- Почему бросить? Но и не сидеть же у них под крылышком?! Не обижайтесь. Я говорю прямо.
- Нет, что вы, я не обижаюсь. Может, мне заочно поступить в институт?
- Это ничего вам не даст. Ровным счетом! Вам нужно вдохнуть настоящего ветра. Пожить в общежитии, вдали от этих ульев. Побывать на студенческой целине...
Вы только представьте себе: как много в жизни по-настоящему крупных, интересных дел! Сколько в ней замечательных людей! Они строят БАМ, летают в космос...
создают проекты новых городов! - Меня понесло, и я с жаром, искренне рисовал перед нею преимущества этой жизни, смеясь над скучным однообразием существования пасечников-отшельников.
- Да, я всегда завидовала отважным людям, - серьезно сказала она. - Я и вам завидую. Вы - художник!
Вы тоже по-своему изменяете мир. Красотой.
У ее ног на густой зелени рассыпались крупные горошины росы; они то вспыхивали острым блеском, то радужно пламенели, отбрасывая на ее лицо едва уловимые блики. Тоня повернулась к теплу, толчками прибывающему оттуда, где вставало солнце, оперлась обеими ладонями о ветку, на которой сидела, и замерла в напряжении, глядя вдаль, будто ей вдруг открылась неведомая доселе тайна... Нет, сейчас она не позировала. Она забыла обо мне и о портрете, вдохновленная каким-то новым для нее чувством. Никогда я еще не видел такого выражения лица у Тони: во всем ее облике воля и решительность, взгляд смелый, даже несколько суровый, губы сжаты.
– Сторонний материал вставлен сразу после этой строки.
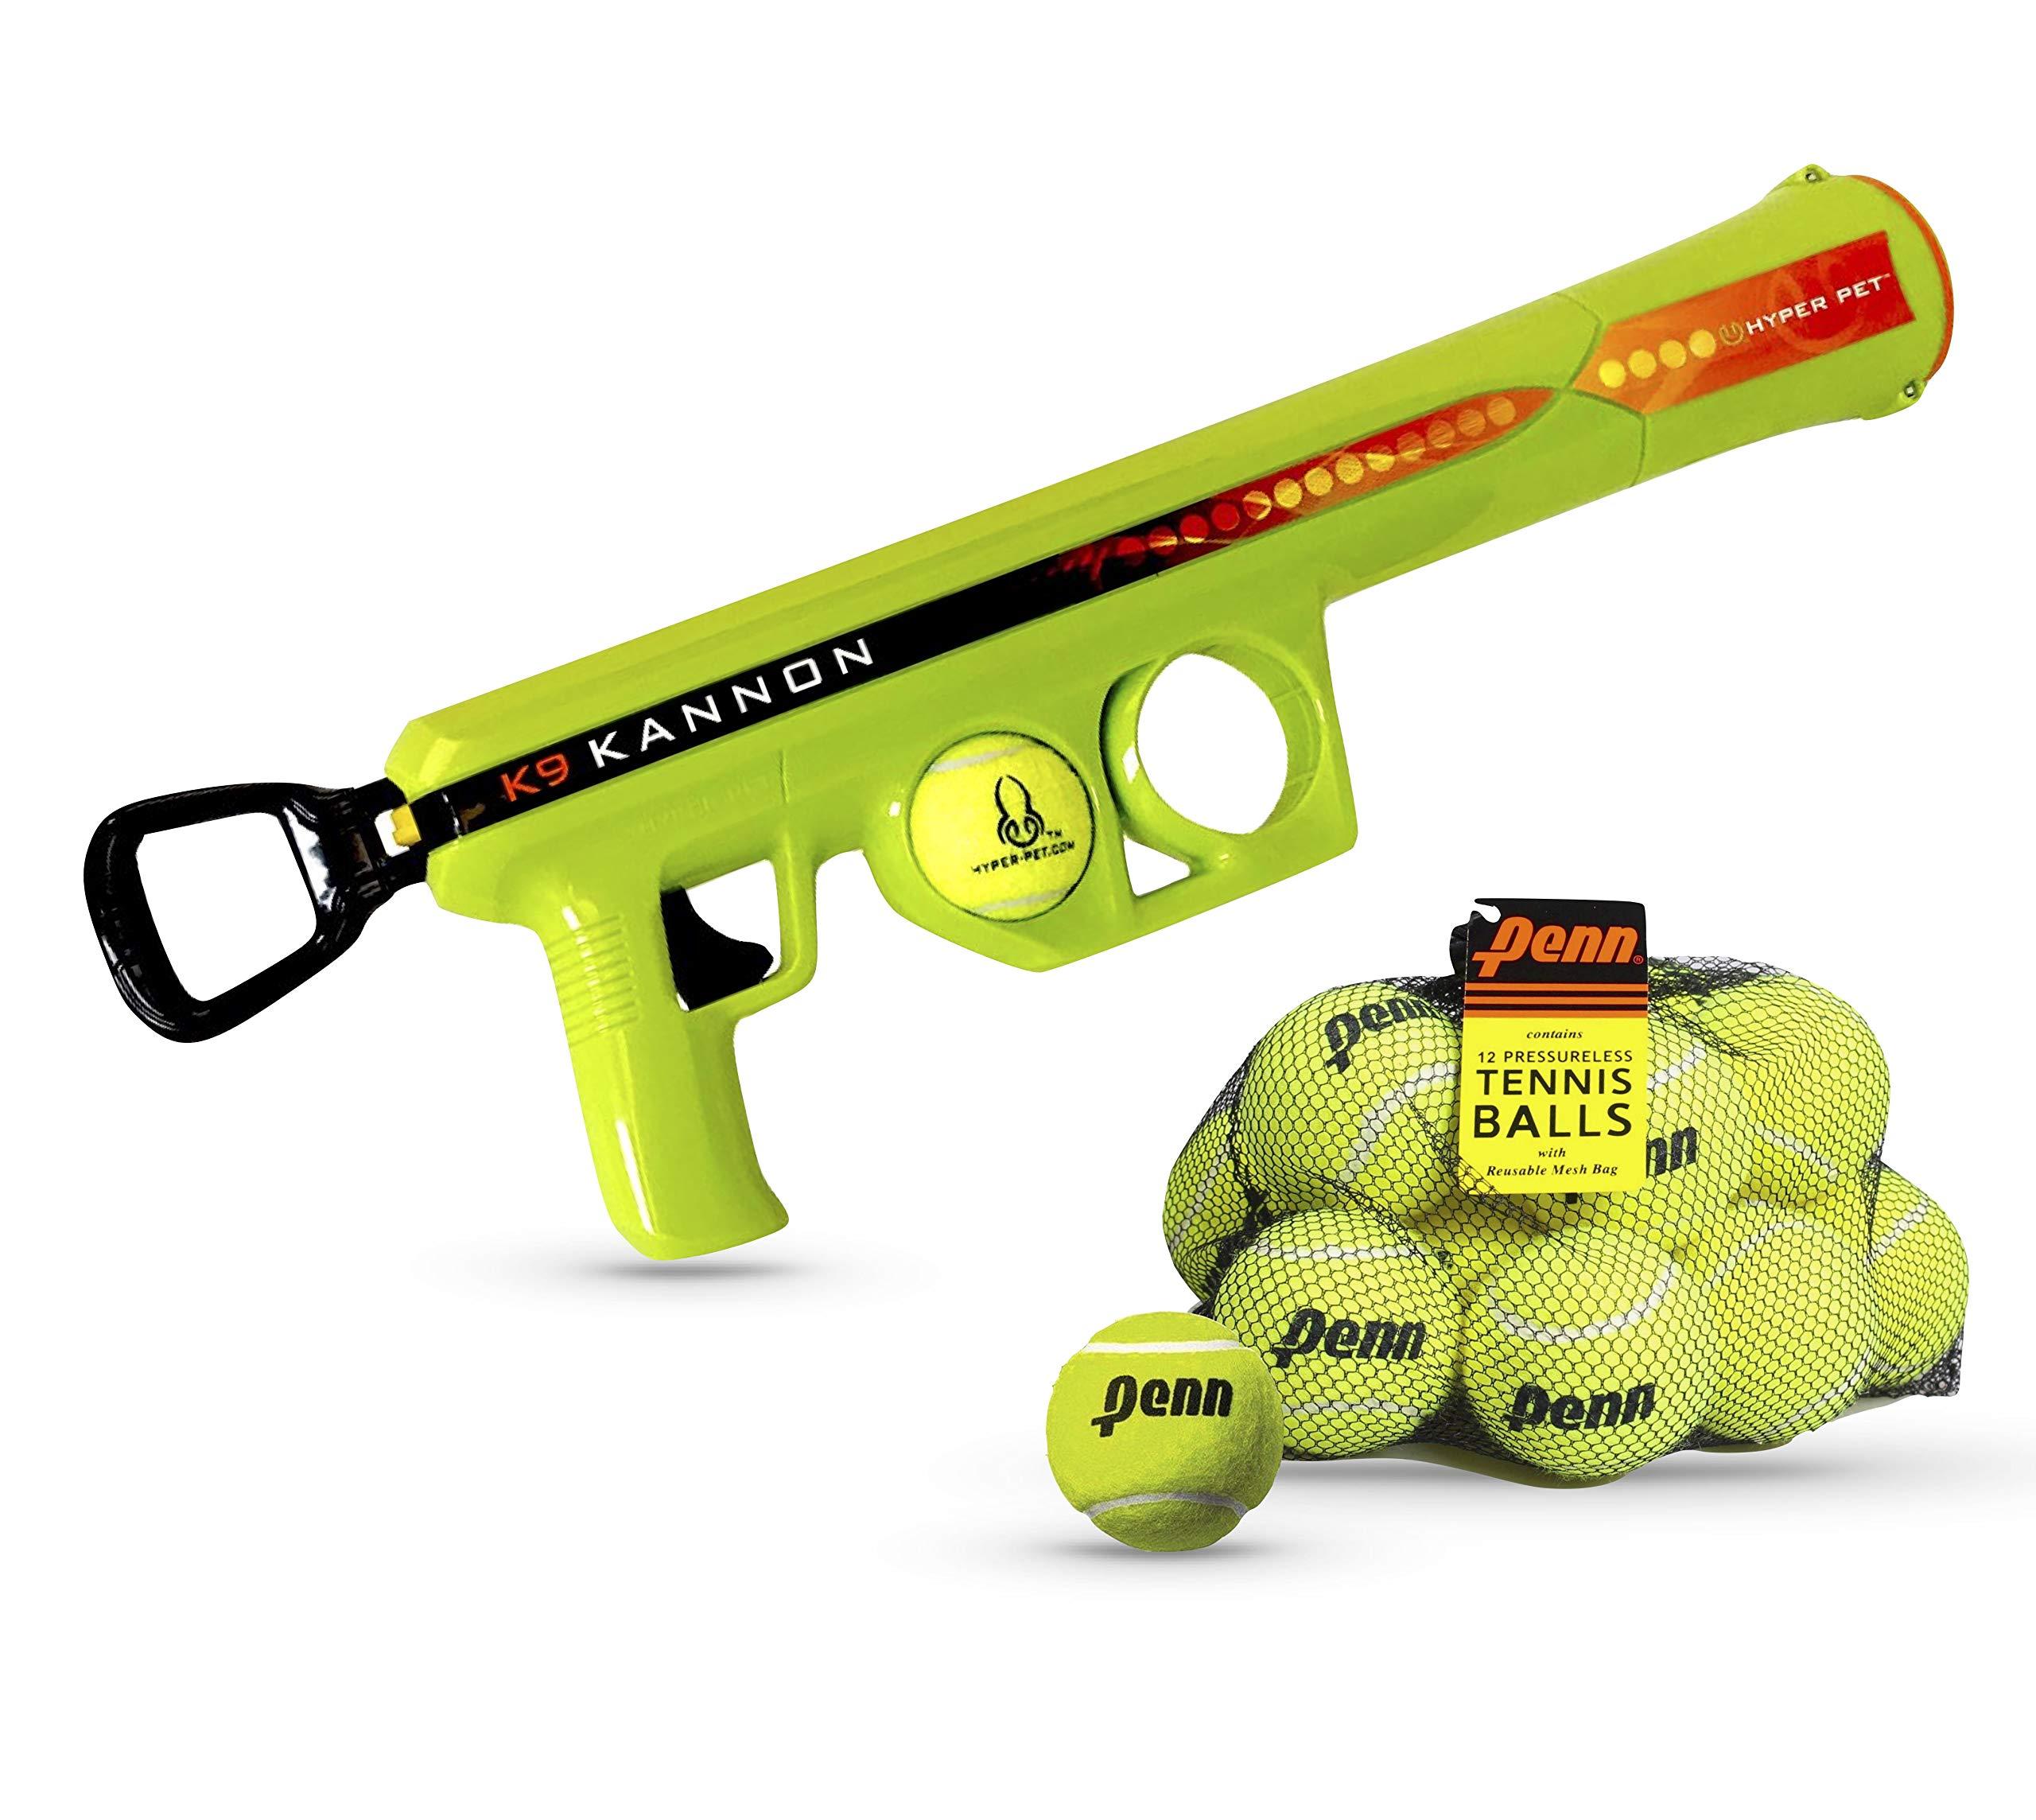 Sonship & Abundance K9 Kannon Ball Launcher and 12 Pack Tennis Balls   Fun Dog Toy Bundle for Shooting Balls far by Sonship & Abundance

Я схватил карандаш и принялся делать эскиз, нанося на бумагу стремительные линии, чтобы успеть закрепить это мгновение. Я боялся, что она вот-вот встрепенется, порывисто встанет и уйдет... а я останусь ни с чем. Она как будто присела на один миг. Успеть, не пропустить его! Сердце у меня билось, я чувствовал его удары всем существом, они подгоняли карандаш. Я вдруг понял, что надо решительно переделать портрет, написать его заново. Наконец я уловил суть ее натуры. Я напишу Тоню именно такой, какой она увиделась мне сейчас. Она внутренне готова отправиться в путь, туда, где, быть может, ее ожидают тяжкие испытания. Она смотрит на мир уже не детским взором, не колеблется и не трусит перед неизвестностью.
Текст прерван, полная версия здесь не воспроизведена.